Whenever an artist of stature gets to cleansing his or her soul in such a manner, the only appropriate response is: so what? But William Orbit’s delicately assembled electronic backwash and Madonna’s finely tuned ear for a hook quash any such envy-inspired insensitivity. If she’d attempted to wax confessional in a style redolent of Alanis Morissette, Madonna would, I guarantee, have been a goner. Instead, the record soars.
As rich as much of Mr. Orbit’s musical contribution to Ray of Light is, what lifts the record effortlessly above the rest of Madonna’s output in the 1990′s is that, rather than being any kind of great leap forward, it actually harks back to her finest-ever album, 1989′s Like a Prayer . Back from that era is her most melodically gifted collaborator, Patrick Leonard, who co-writes a few songs here, including both the epic goth single “Frozen” and “Sky Fits Heaven,” which lifts its hook from Like a Prayer ‘s busted marriage post-mortem, “Till Death Us Do Part.” Back, too, is her exploration of religious ecstasy. But when she sang “It feels like home” on the hit single “Like a Prayer,” she was clinging to Catholicism. When she sings “I feel like I just got home” on “Ray of Light” … uh, I’m guessing she’s talking about the dispersion of her energy throughout the metaphysical universe.
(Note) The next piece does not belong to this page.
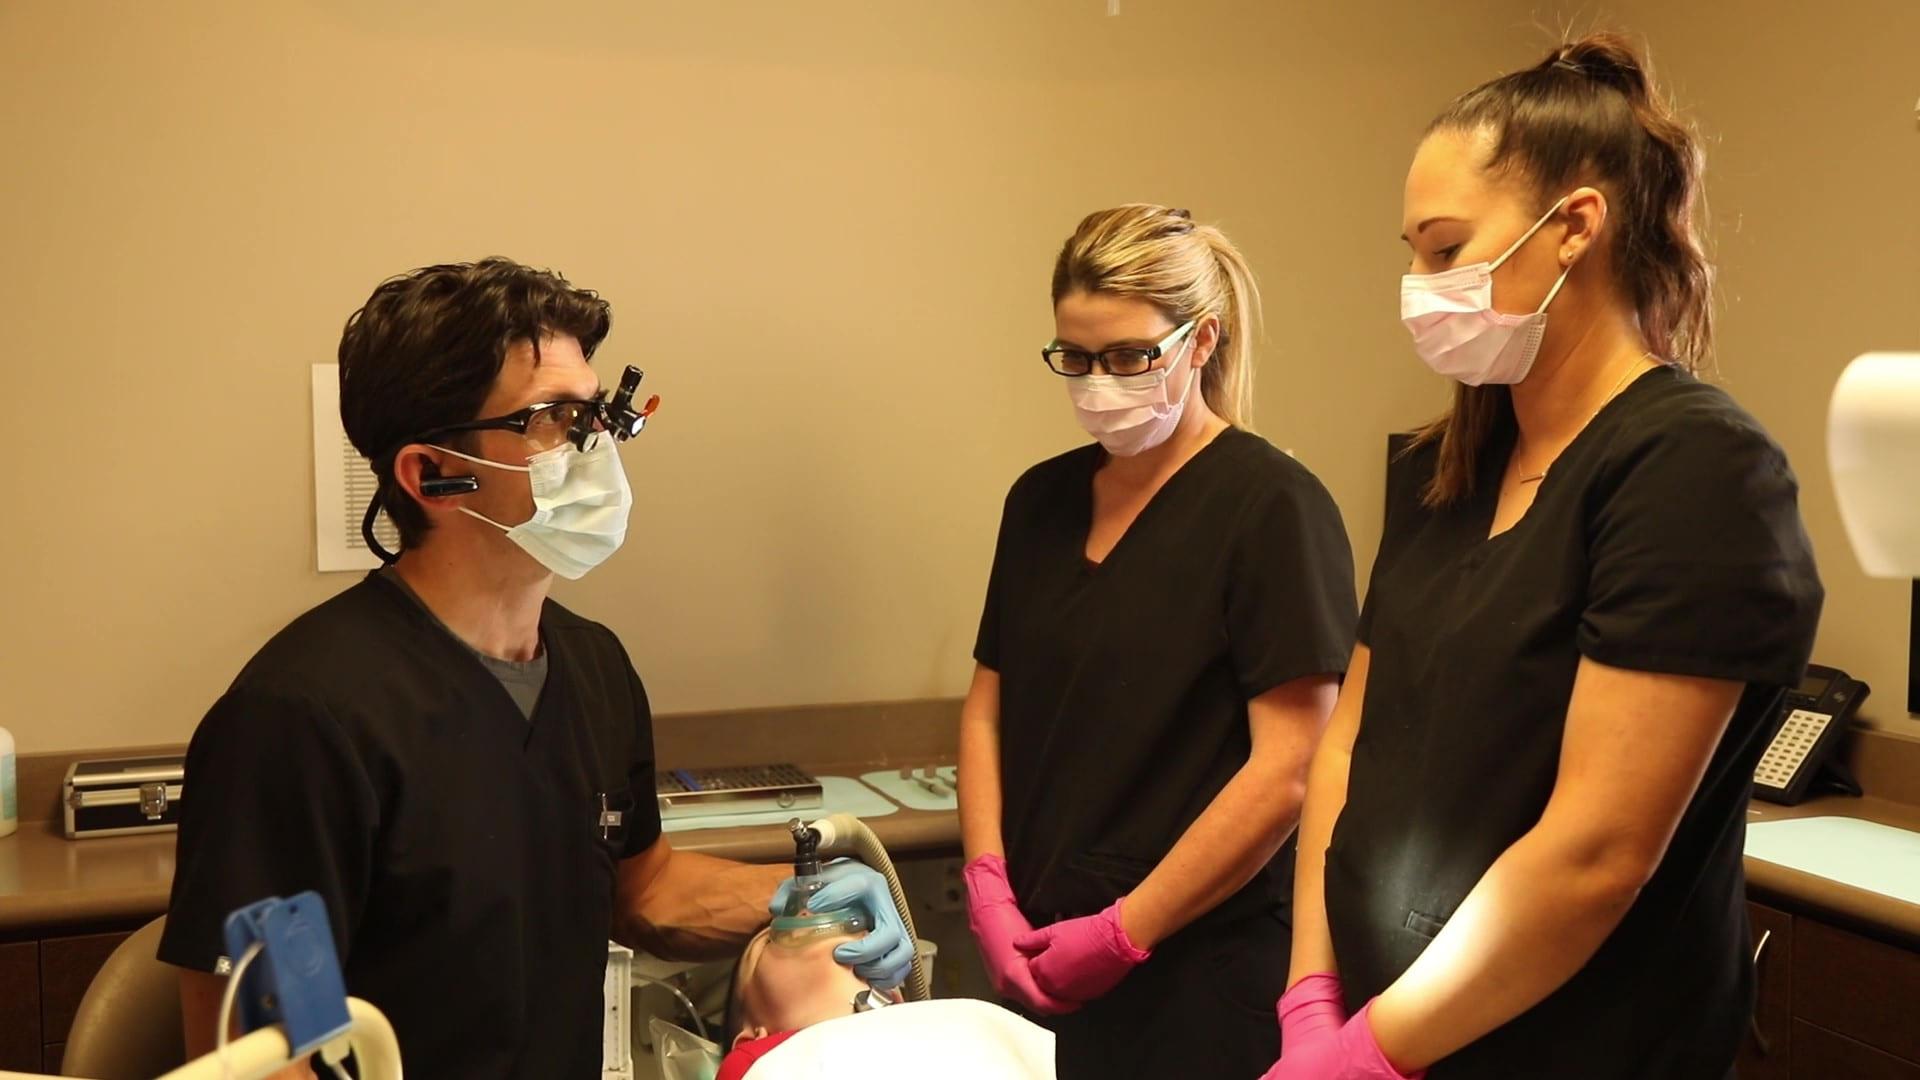 sedation-dentist-in-california-dr-david-crippen-capital-pediatric-dentistry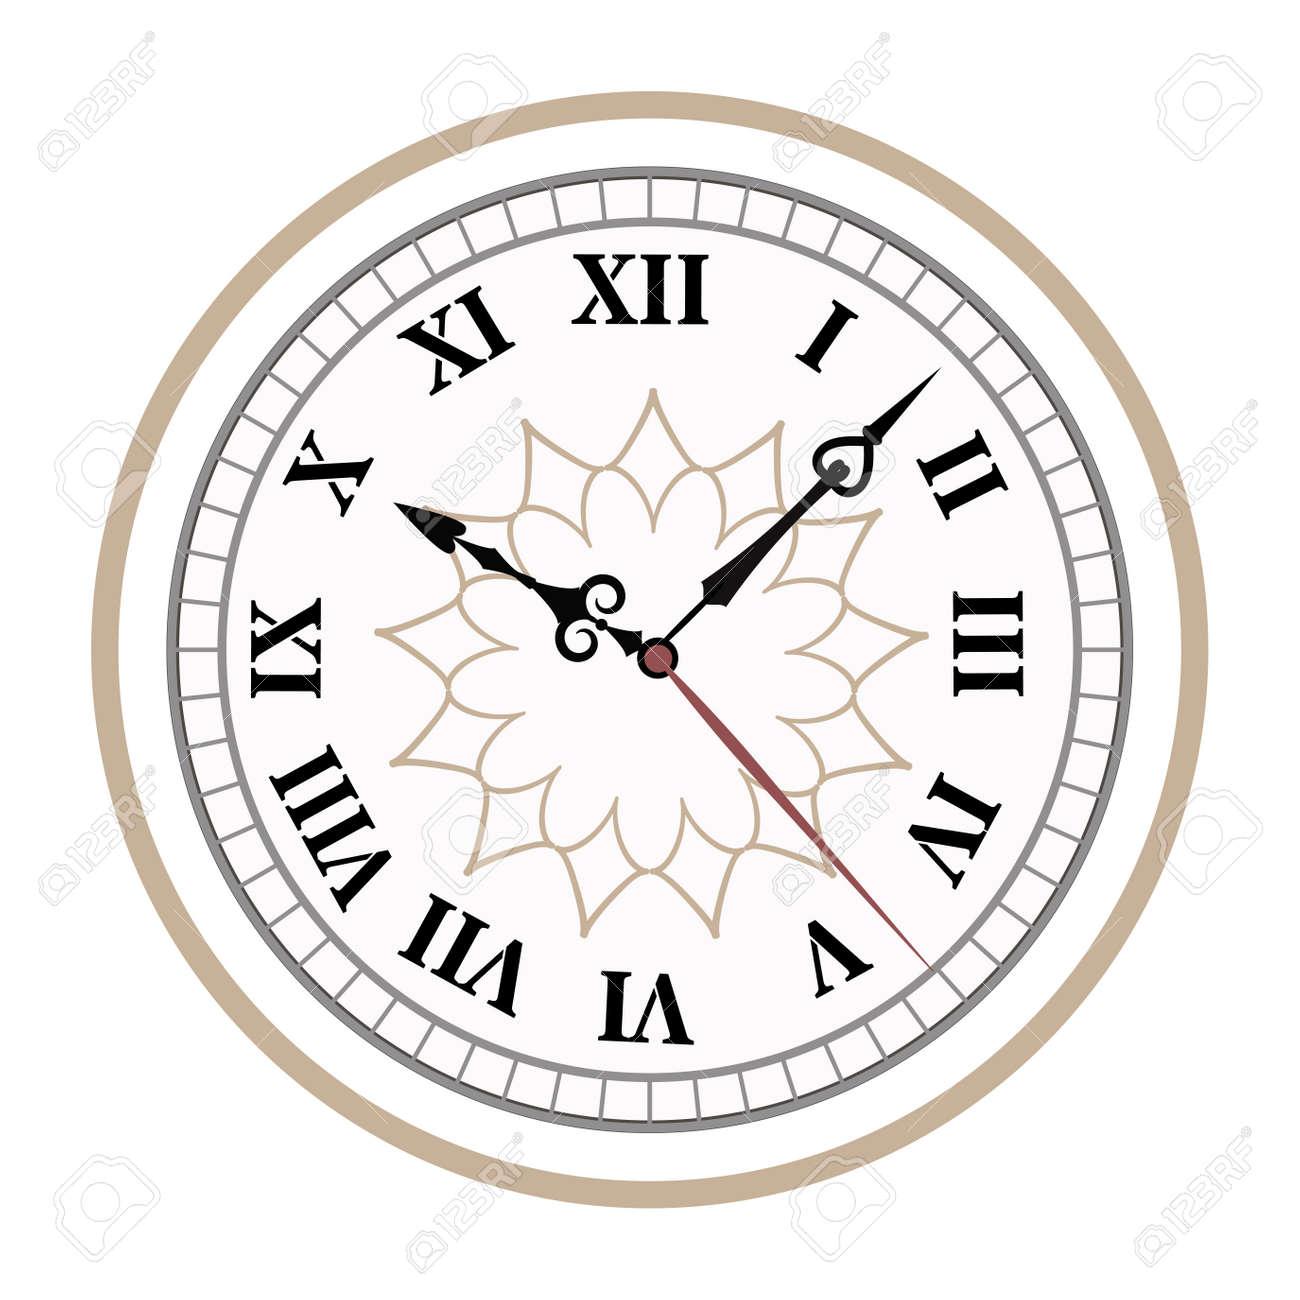 Clock Uhr Alarme Vektor-Icons Illustration. Zifferblatt-Symbole Auf ...

She’s also still dwelling on the death of her mother on “Mer Girl,” a video-game-like narrative which finds Madonna running through endless obstacles until she reaches an open grave and then “I smelt her burning flesh, her rotting bones, her decay.” While Like a Prayer contained a lullaby, “Dear Jessie,” written for Patrick Leonard’s offspring, she coos “Little Star” to her own much-publicized progeny. When you hear Madonna sigh, “God gave a present to me made of flesh and bones,” it’s almost like the whole Sex book thing never happened.
Not only is Ray of Light an object lesson in image resuscitation, it also has the potential to be a life-changing record. Specifically, it will change the lives of every lunkheaded alternative-rock outfit staring at the imminent failure of their sophomore album, as well as every tune-free electronic act signed in the electronica feeding frenzy. After a cursory listen to the ecstatic title track of Ray of Light , in which limpid indie-angst guitars jockey for position with burbling keyboards, and Madonna gives the most abandoned song-reading she’s ever committed to record, every A&R guy in the country is going to be rushing for the nearest cellular phone. The rock groups are going to be ordered to plug in some synthesizers, and the electro outfits are going to have to enlist girl singers. By that time, of course, Madonna will have moved on to something else. As long as it’s not Lourdes’ first single, I think we’re on safe ground.